Comparing fast imaging techniques for individual pulse imaging by Cherenkov in vivo from electron FLASH irradiation

TL;DR

This study developed a fast, pulse-by-pulse Cherenkov imaging technique using a CMOS camera and intensifier to monitor ultra-high dose rate electron therapy in vivo with submillimeter resolution, capturing respiratory motion and treatment variability.

Contribution

It introduces a novel in vivo Cherenkov imaging method capable of single pulse resolution during FLASH irradiation, enhancing real-time treatment monitoring and potential respiratory gating.

Findings

Intensifier increased signal-to-noise ratio from 15 to 280.

Cherenkov emission profile extended beyond treatment field due to tissue scattering.

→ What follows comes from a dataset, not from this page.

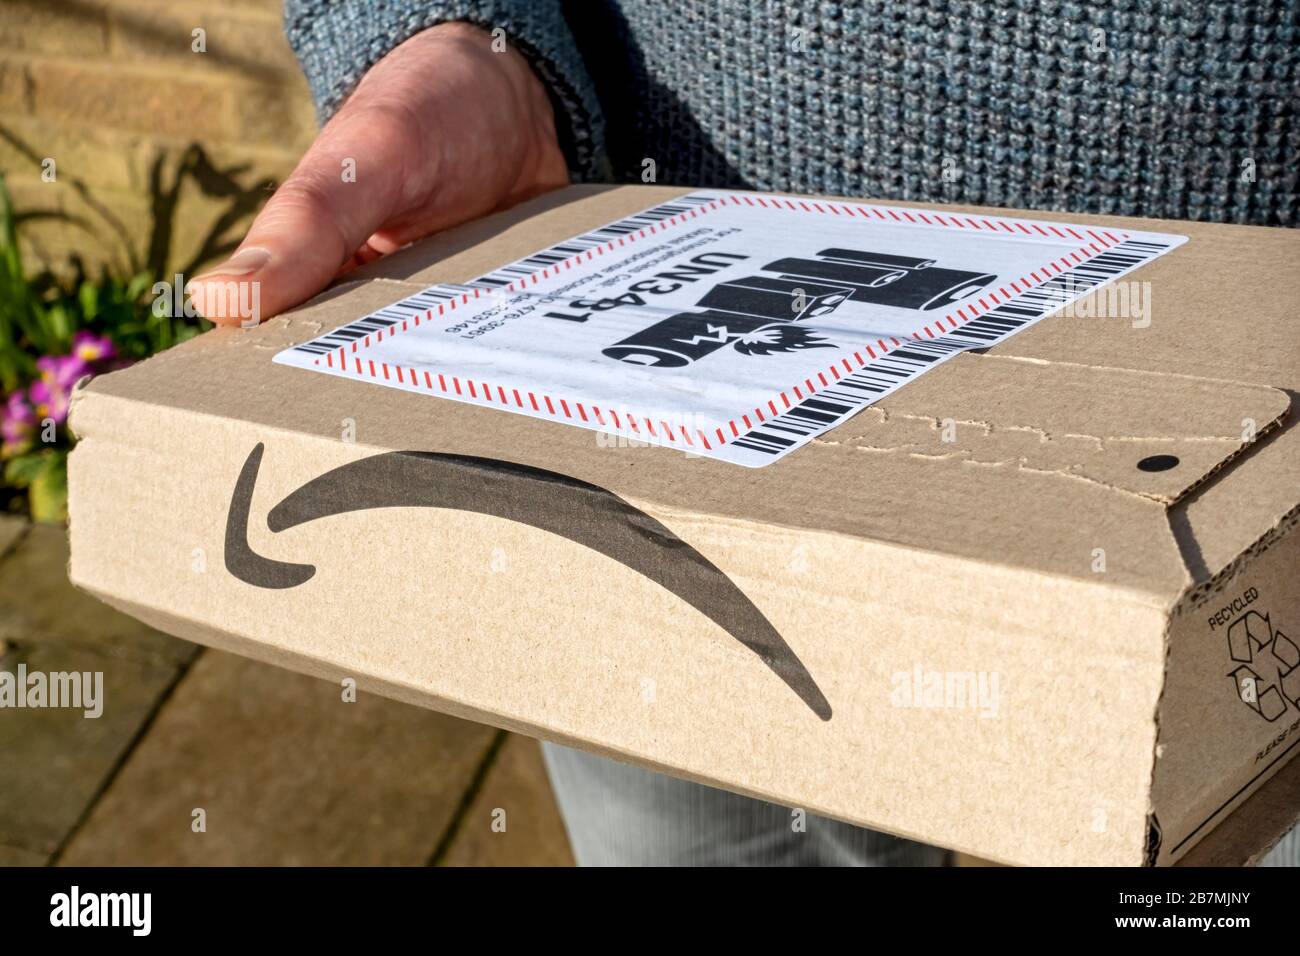 Gros plan de la personne homme transportant la livraison en ligne emballage  Amazon livraison avec batterie lithium-ion étiquette d'avertissement  Angleterre Royaume-Uni Photo Stock - Alamy
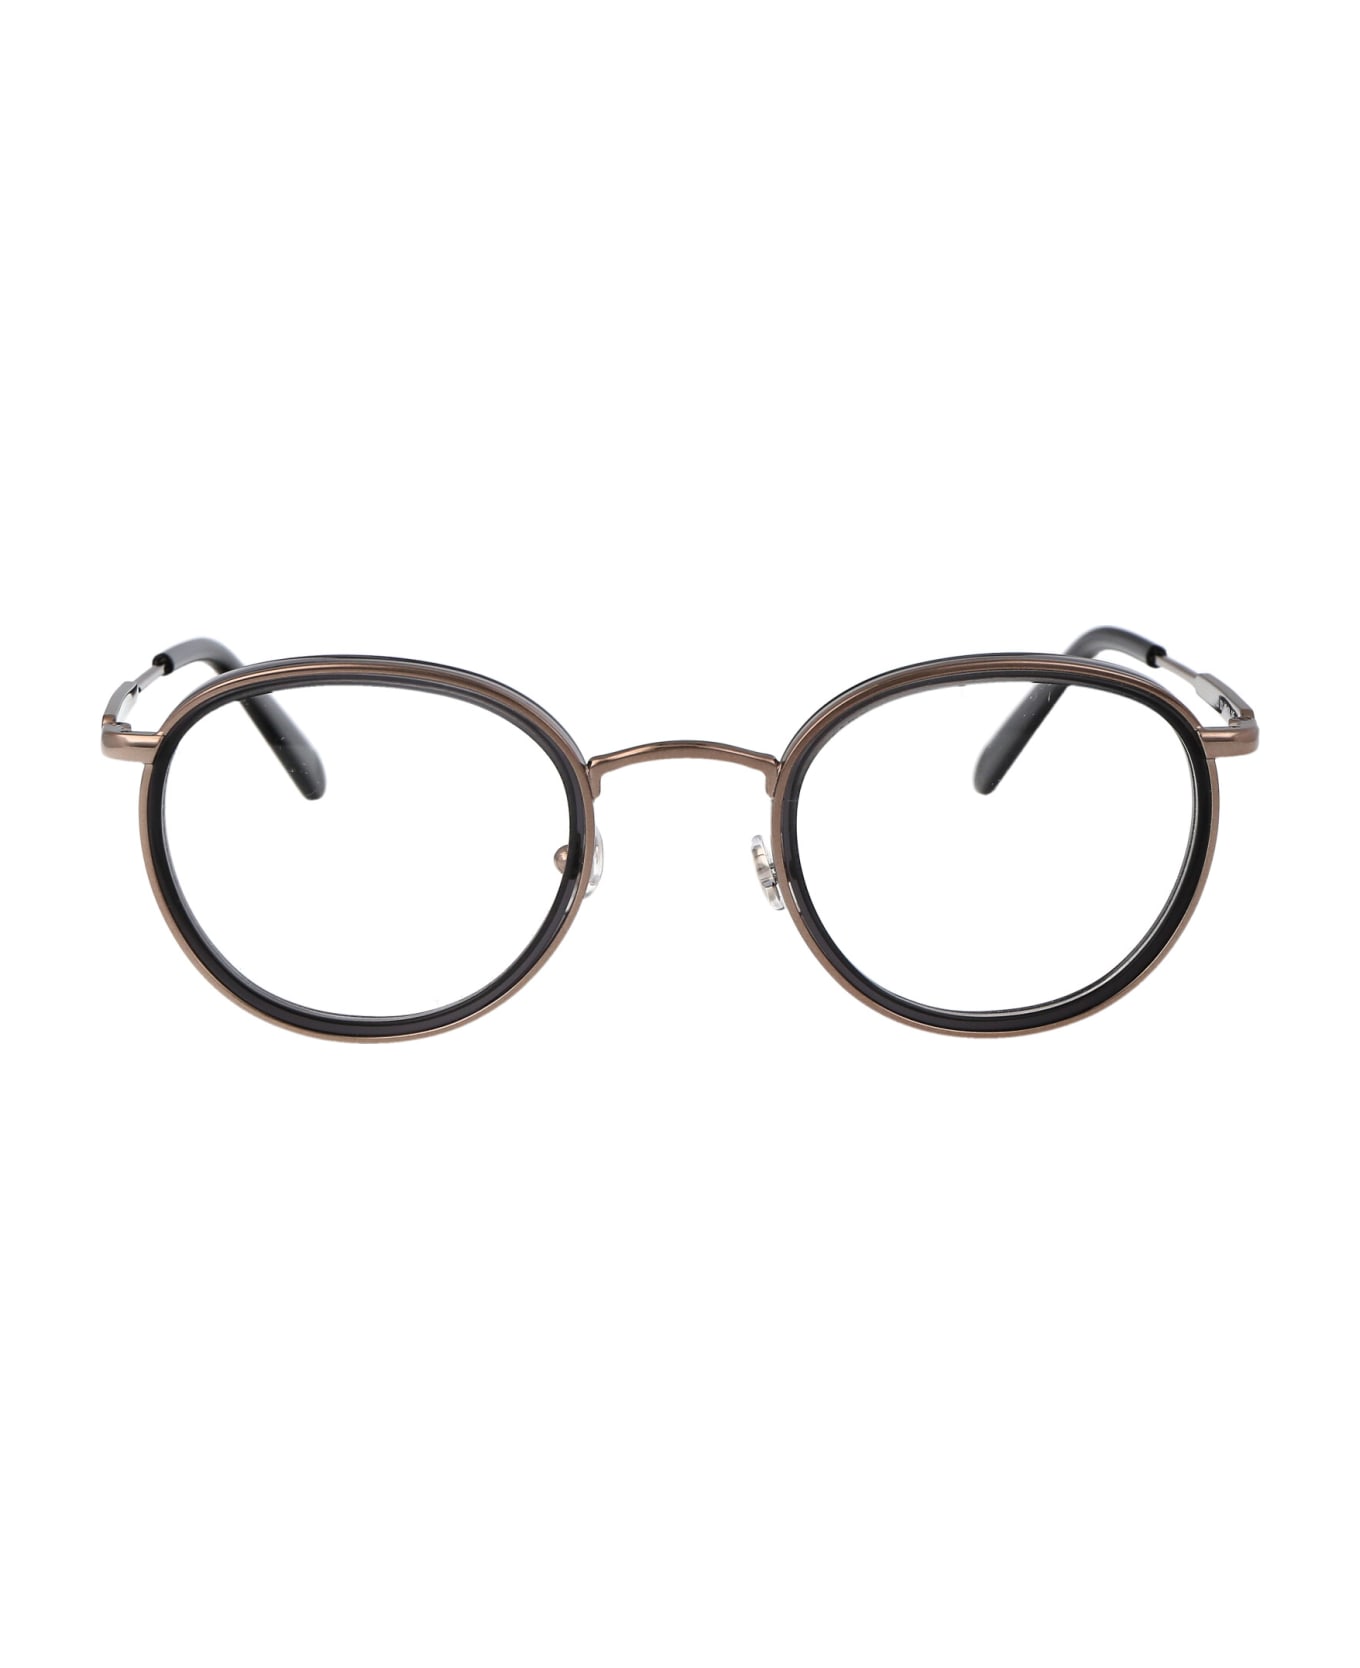 Moncler Eyewear Ml5153 Glasses - 001 Nero Lucido

Detected respiratory cycle changes of about 3 mm in Cherenkov emission profile.

Abstract

Objective: In this study, a fast imaging technique was developed for the first in vivo Cherenkov emission imaging from an ultra-high dose rate (UHDR) electron beam source at single pulse (360 Hz) submillimeter resolution. Approach: A CMOS camera, gated to the UHDR LINAC, imaged the Cherenkov emission profiles pulse by pulse passively during the irradiation of mice on their limbs and intestinal region. The utility of an intensifier was investigated for its effect on image quality including signal to noise and spatial resolution. Pulse by pulse variability in Cherenkov emission profile were quantified spatially and temporally. Main results: An intensifier improved the emission profile signal to noise ratio from 15 to 280, with reduced spatial resolution. The profile extended beyond of the treatment field due to the lateral scattering of the electrons in tissue and its optical properties. The CMOS camera with an intensifier detected the changes in Cherenkov emission profile during expiration and inspiration of the respiration cycle for the mice to be about 3 mm. Significance: This fast imaging technique can be utilized for in vivo intrafraction monitoring of FLASH patient treatments at single pulse resolution. It can display delivery differences during respiration, and variability in the delivered treatment's surface profile, which may perturb from the intended UHDR treatment more for pencil beam scanning systems. The technique may leverage Cherenkov emission surface profile to gate the treatment delivery via respiratory gating systems under FLASH conditions.